Читаем Far and Away: Reporting from the Brink of Change полностью

“Qaddafi claims that he is not the Leader, and Saif claims that he is the opposition, and they are both liars,” said MaÎtre Saad Djebbar, an Algerian lawyer who has worked on Libyan affairs for many years. Others see a personal agenda. “The Leader is a bedouin from the desert and simply wants power and control—he is content to rule a wrecked country,” the expatriate poet Khaled Mattawa told me. “But his sons are urban; they have traveled, studied abroad, learned sophistication. They go falconing in the Gulf states with the princes of royal families. They want to drive BMWs and rule a country that is accepted in the panoply of nations.”

Saif’s office is in Tripoli’s tallest and fanciest tower—a hulking glass building topped by a gigantic circular apparatus that was intended as a revolving restaurant but neither revolves nor serves food. The foundation’s suite is modest and sparsely furnished, and its staff members appear to be the busiest people in Libya, bent over computers, talking simultaneously on several phones, surrounded by papers. The walls are covered with posters for Saif’s causes: one shows a man with his face wrapped in barbed wire, with the caption “International Campaign Against Torture: Middle East Area: Libya the First Station.”

Saif, however, is usually elsewhere. I met him last fall in Montreal, where he was opening an exhibition of his own paintings.
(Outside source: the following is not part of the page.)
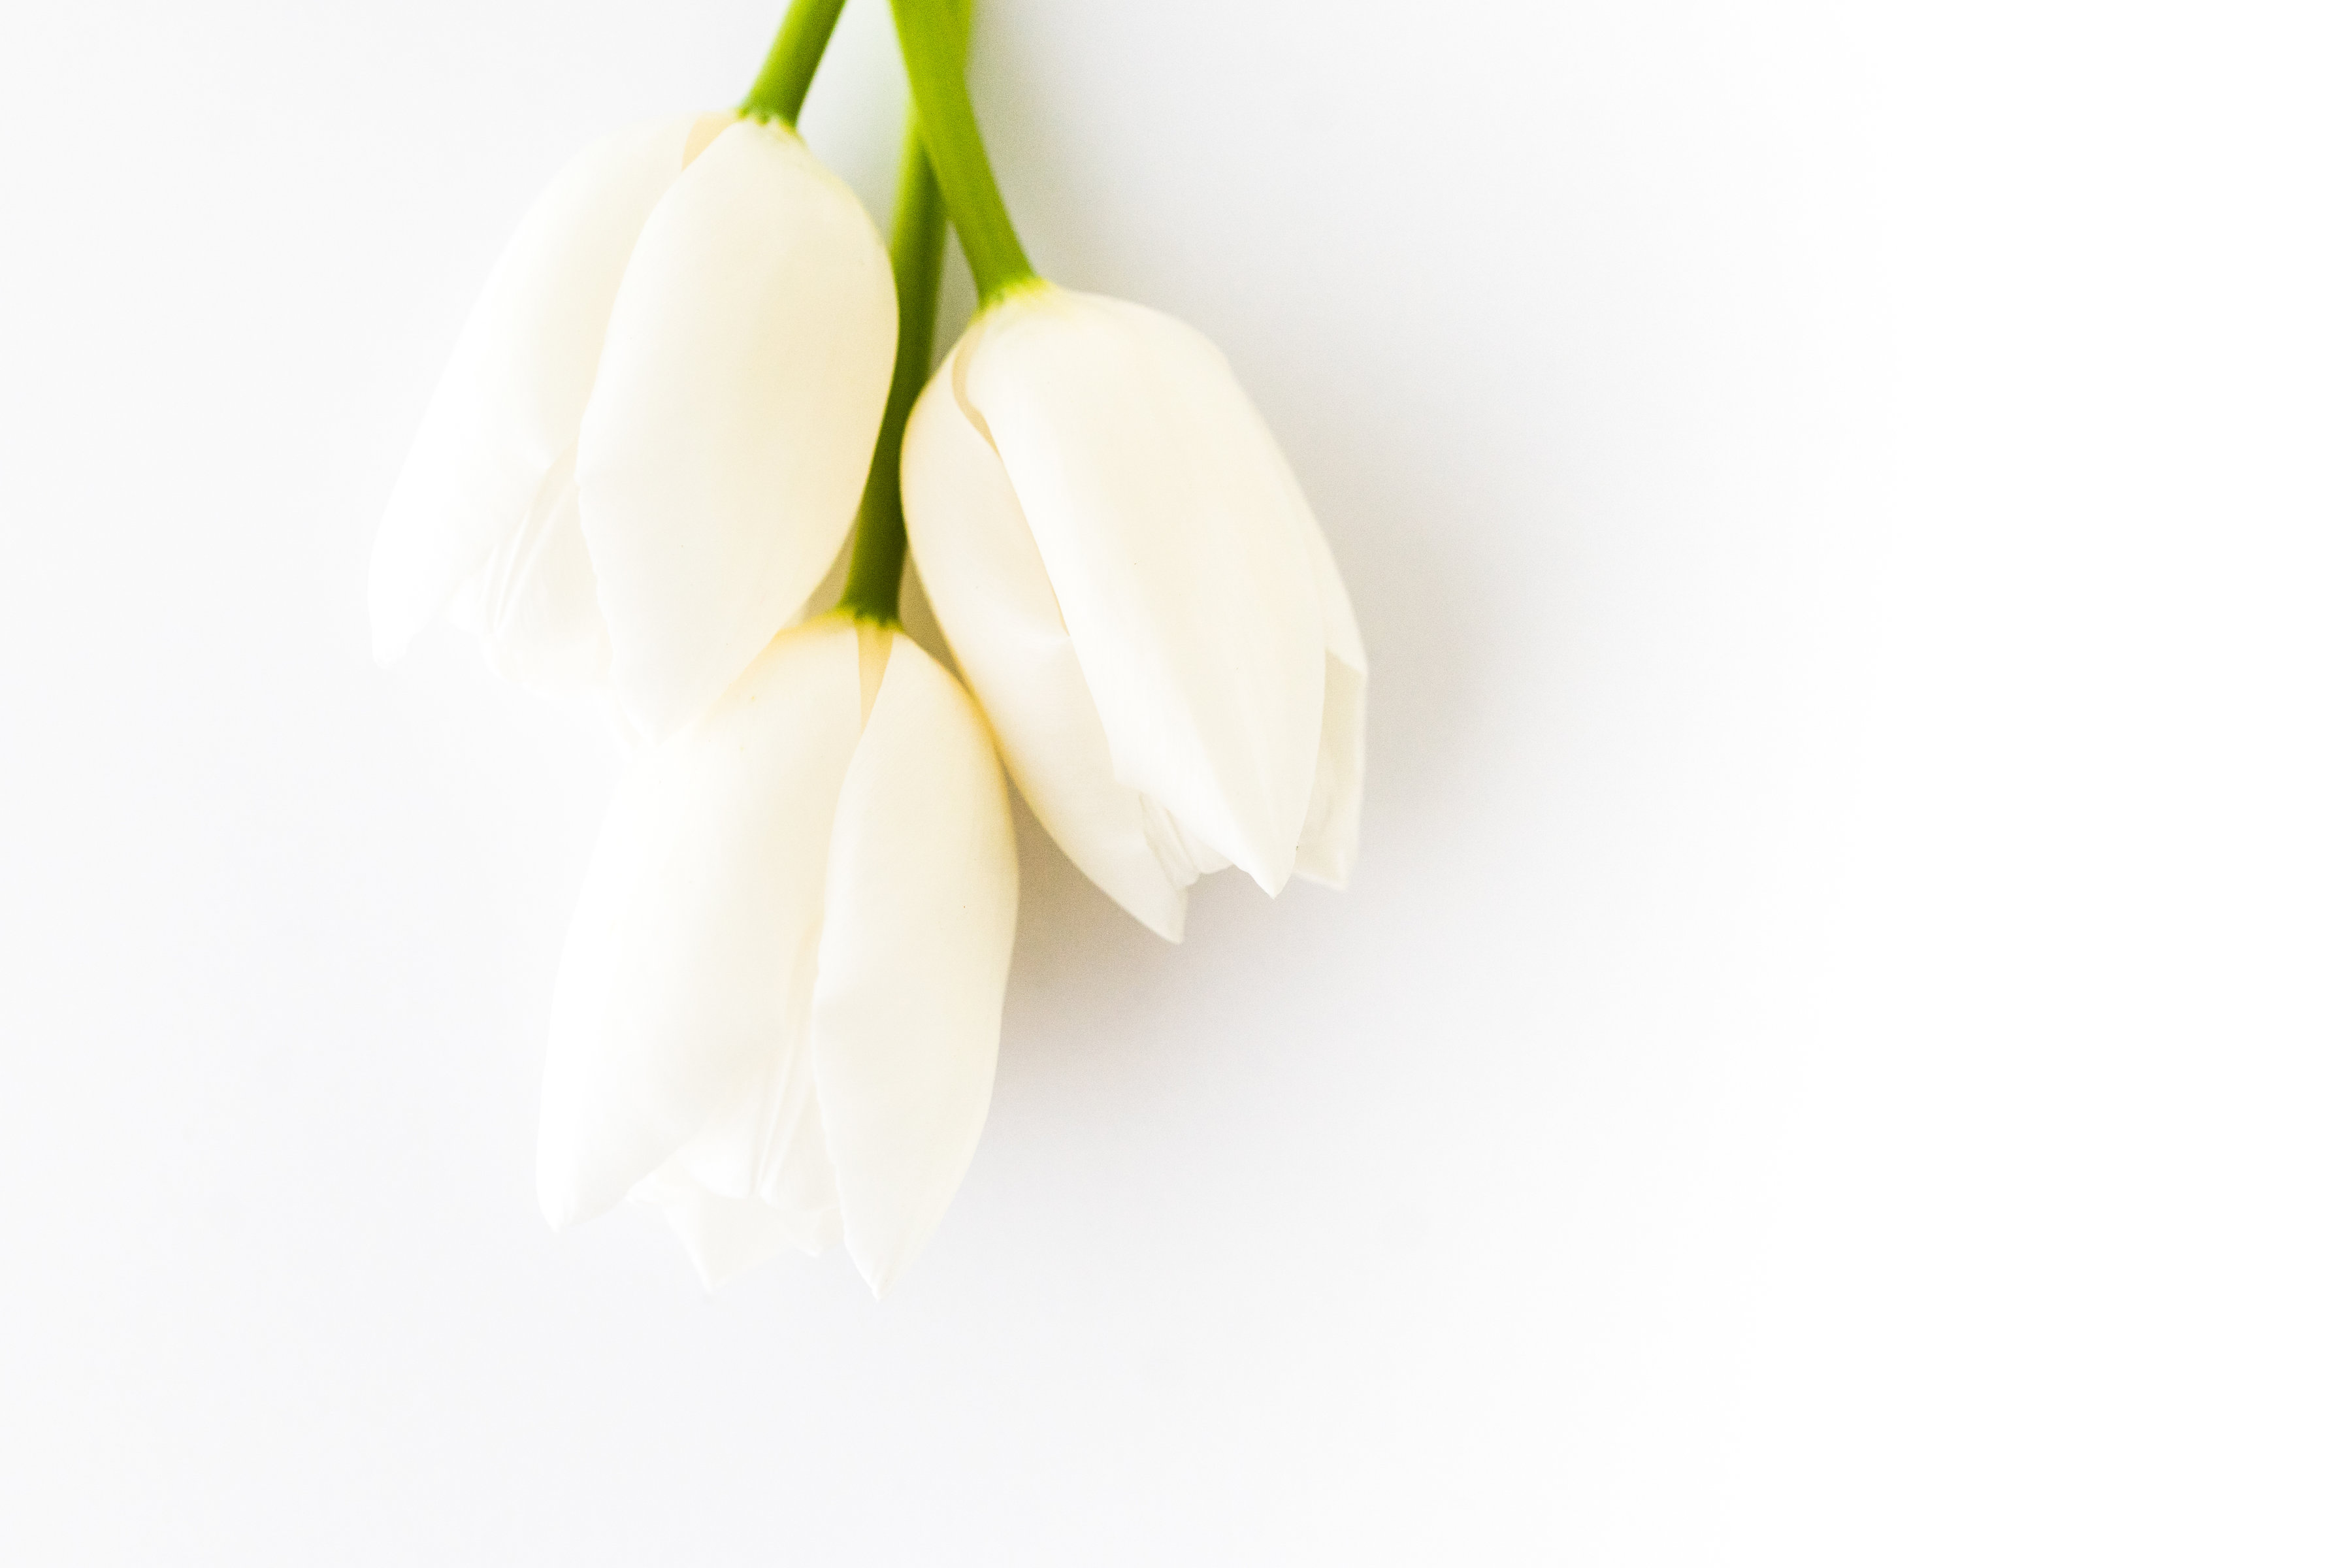 Three White Tulips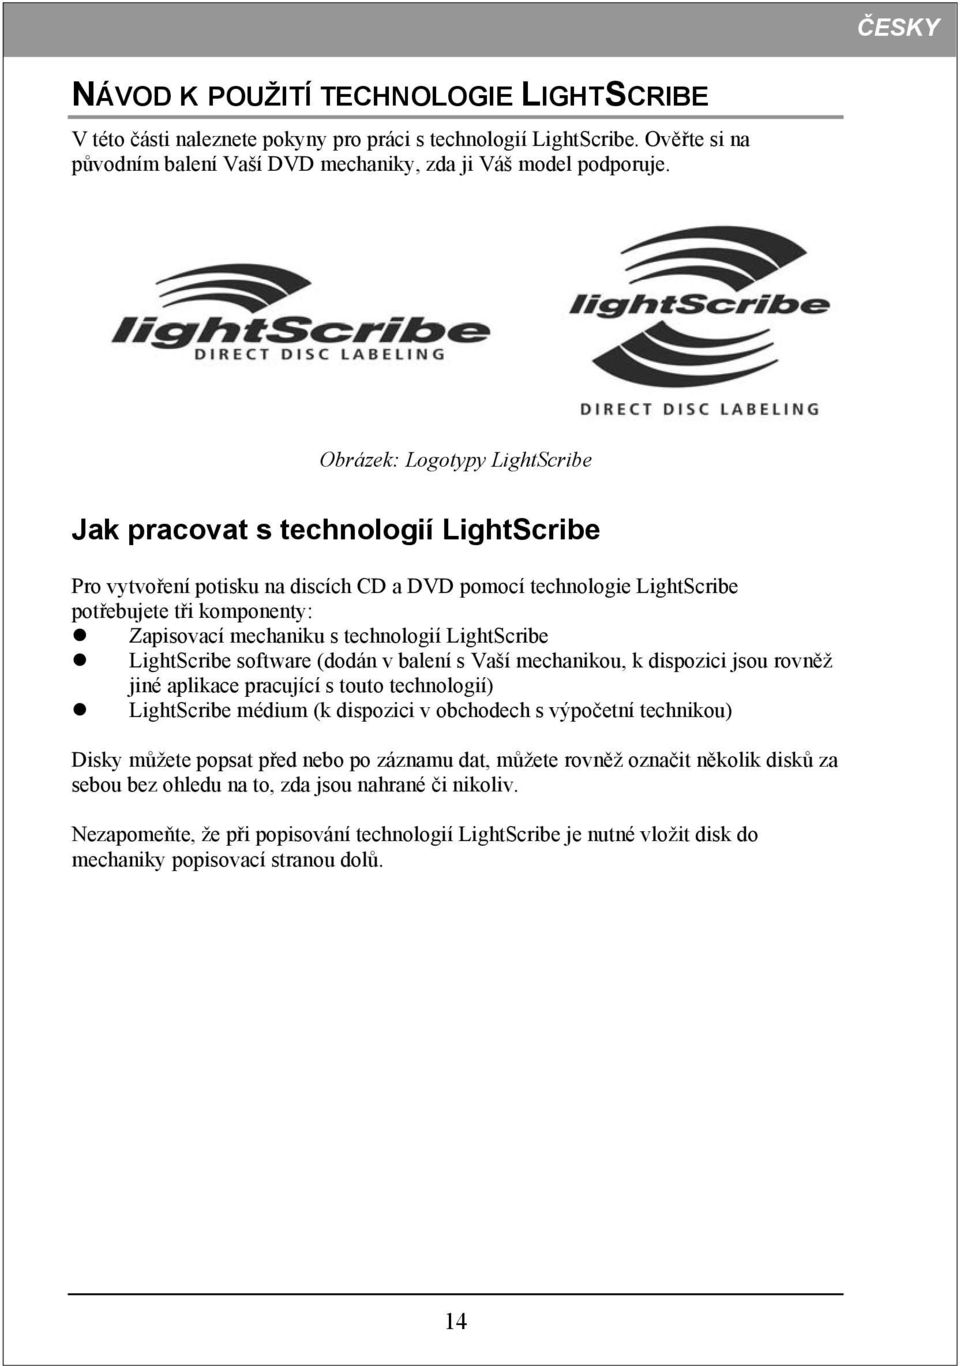 technologií LightScribe LightScribe software (dodán v balení s Vaší mechanikou, k dispozici jsou rovněž jiné aplikace pracující s touto technologií) LightScribe médium (k dispozici v obchodech s

These are rendered with expressionist enthusiasm in a variety of familiar styles and may feature images of horses, desert skies, the face of the Leader, or one of Saif’s beloved pet Bengal tigers. Saif has bestowed his pictures on urban centers from Paris to Tokyo, where they have been received as documentary curiosities, like the personal effects of the last tsarina. Whether the primary function of these exhibitions is political, social, or artistic is never discussed.

We met at the Sofitel, which had given over the top floor to Saif and his entourage. Various deputies and advisers had gathered in a large, nondescript suite. When he came in, everyone sat up straighter. Though Saif tries to be intimate and casual, his presence, even his name, makes other people formal. He wore a well-cut suit and moved with grace. At thirty-three, he is good-looking and hip, with a shaved head, and he speaks intelligently, though with the vagueness about self and reality that afflicts royalty and child stars, and that comes from never having seen oneself accurately reflected in the eyes of others. He has more than a trace of the paternal charisma, but it has yet to harden into genius, incoherence, or his father’s trademark combination of the two.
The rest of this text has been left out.